» **AIM OF THE EXERCISE**
Copy the listing below exactly, but skip the pictures.

» **GIVEN DATA**
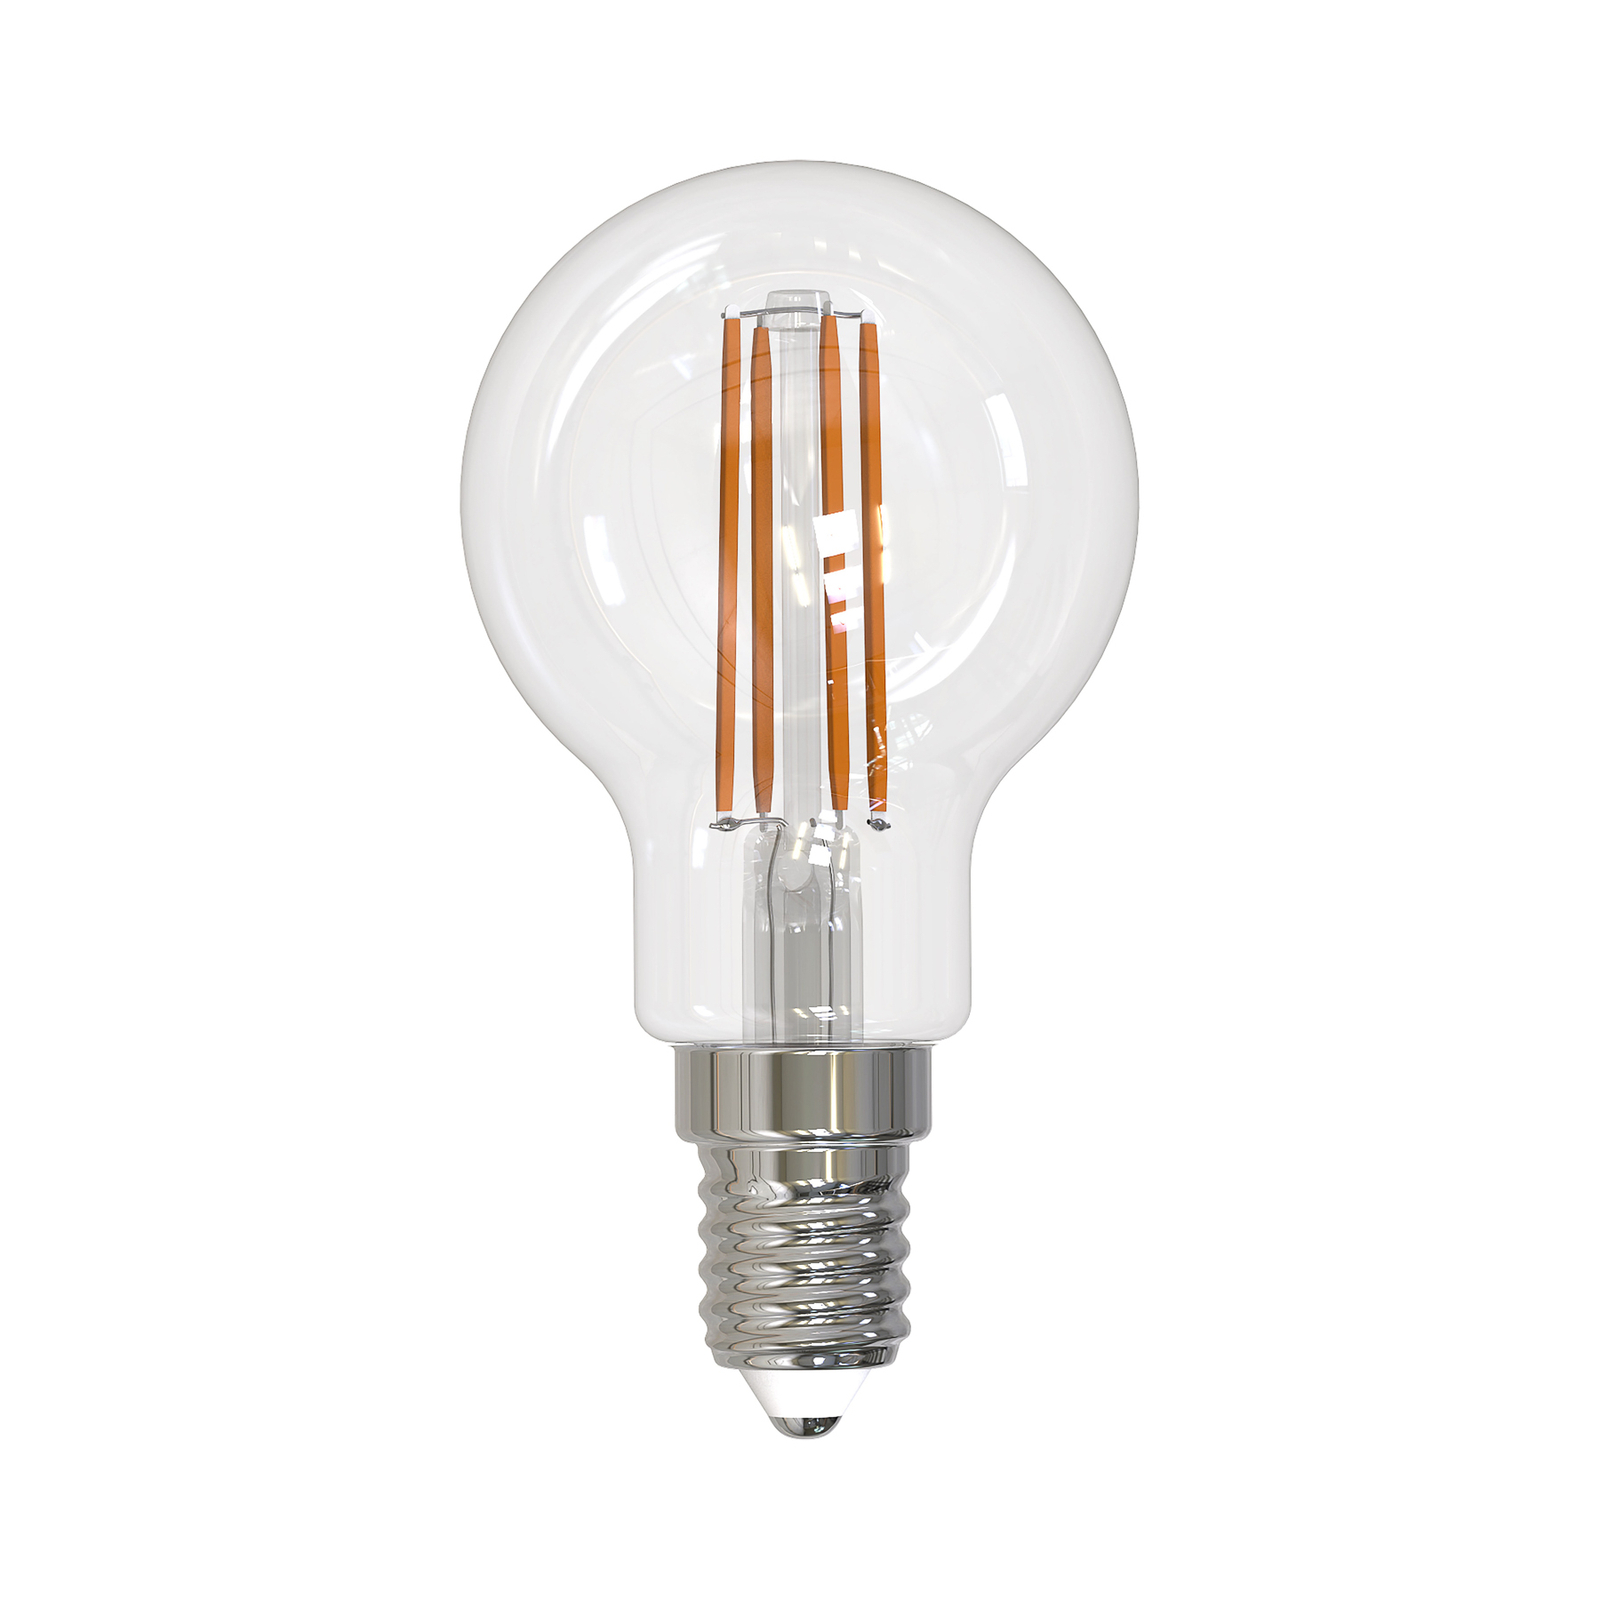 Arcchio filament LED bulb E14 G45, set of 3, 2700 K
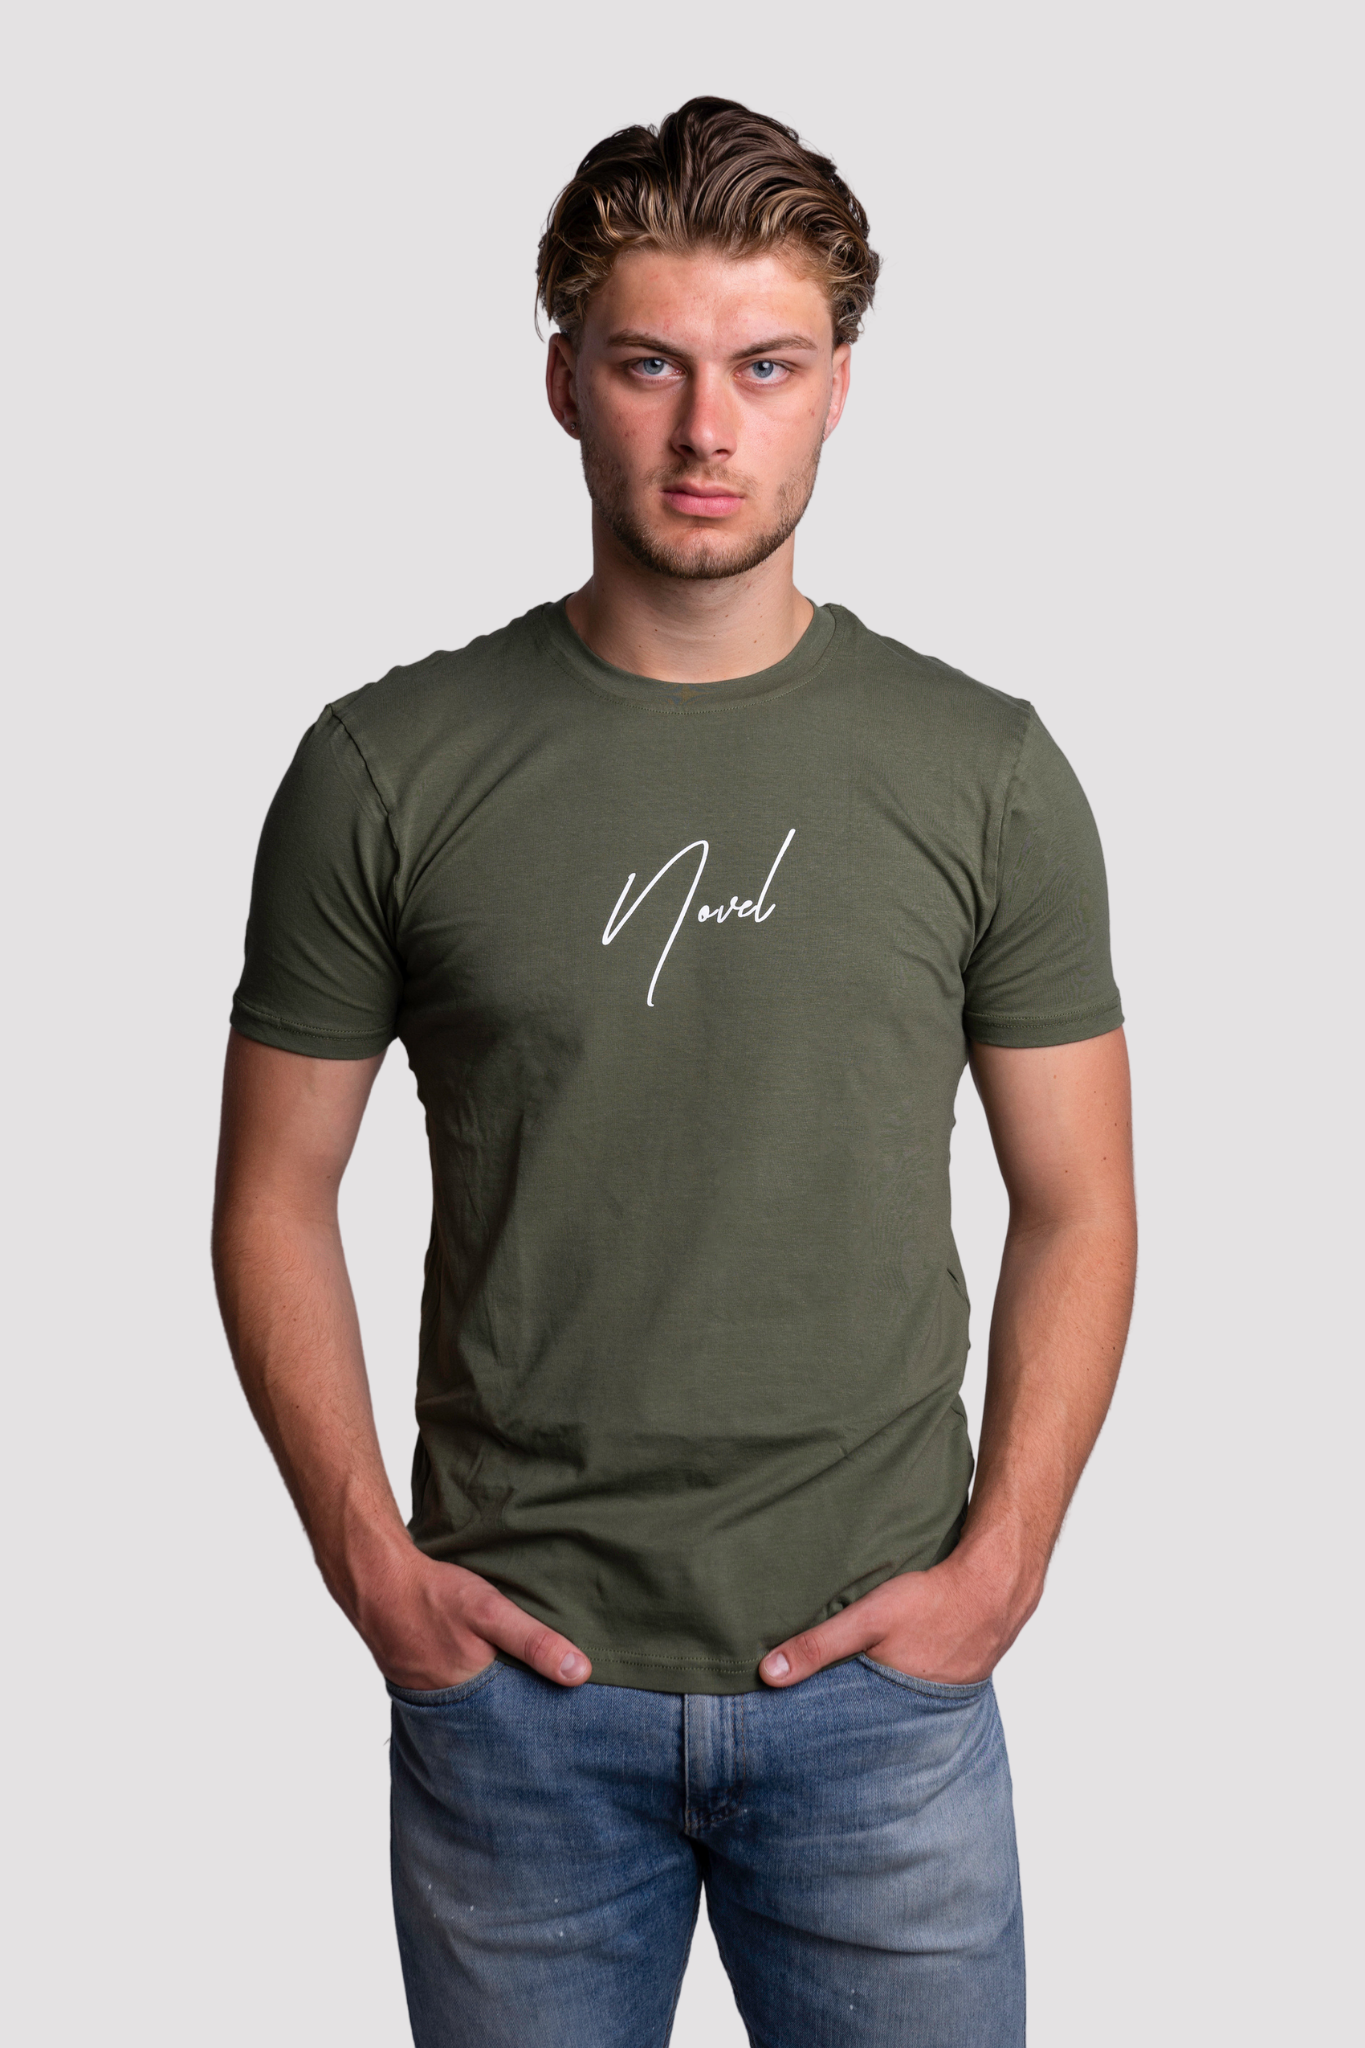 NOVEL 'STAY HUMBLE $' T-shirt Army Green
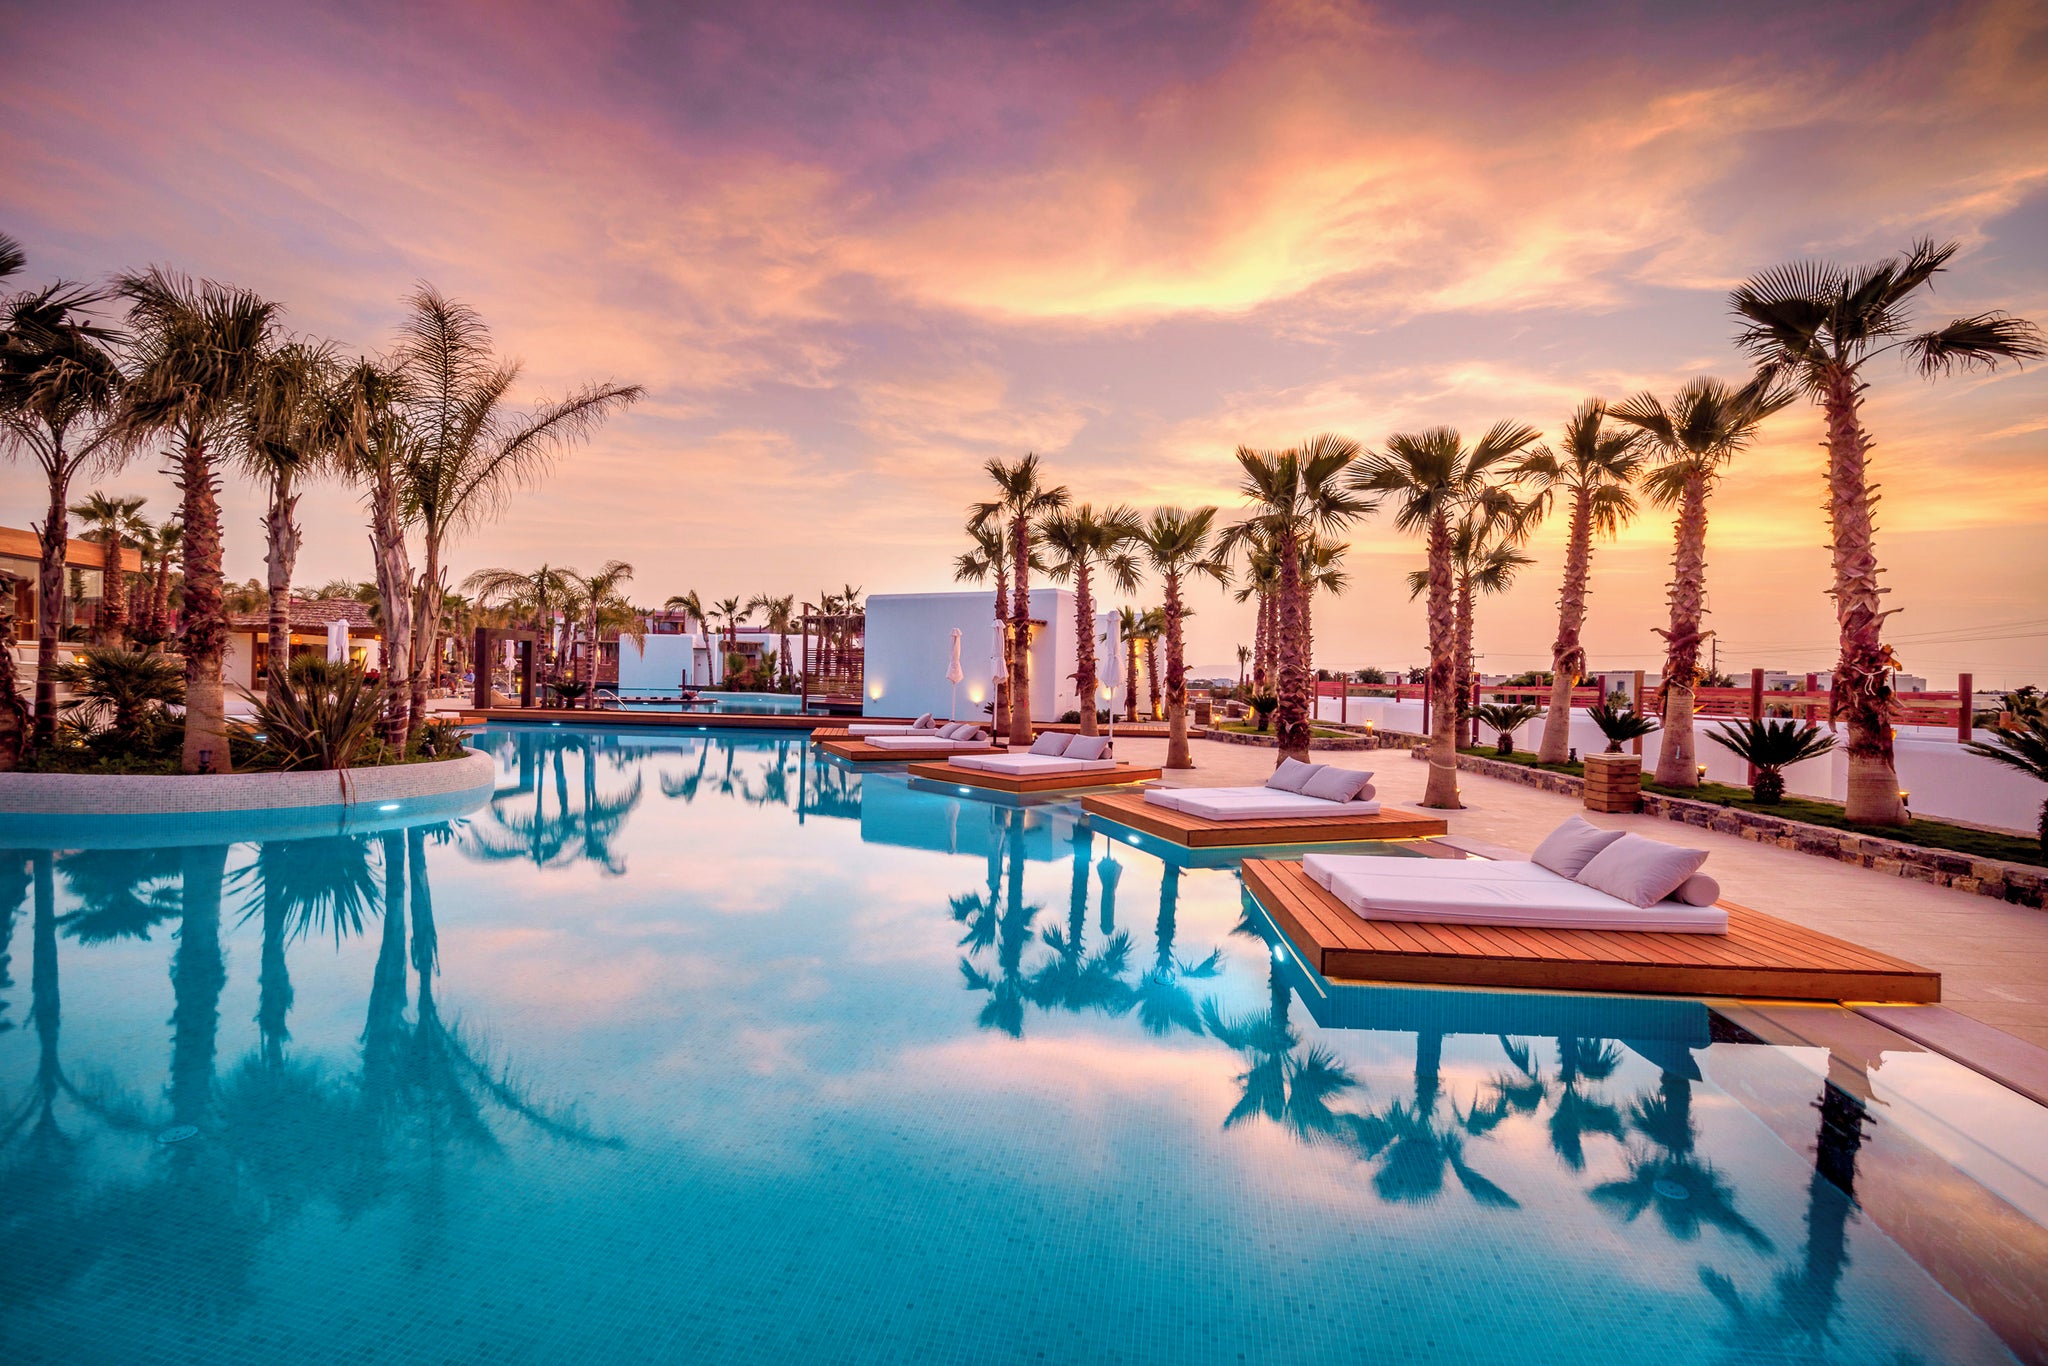 With lagoon pools nestled amid palms, Stella Island Luxury Resort & Spa makes the perfect retreat

» **EXERCISE SOLUTION**
 Arcchio filament LED bulb E14 G45, set of 3, 2700 K
 NOVEL 'STAY HUMBLE $' T-shirt Army Green
 With lagoon pools nestled amid palms, Stella Island Luxury Resort & Spa makes the perfect retreat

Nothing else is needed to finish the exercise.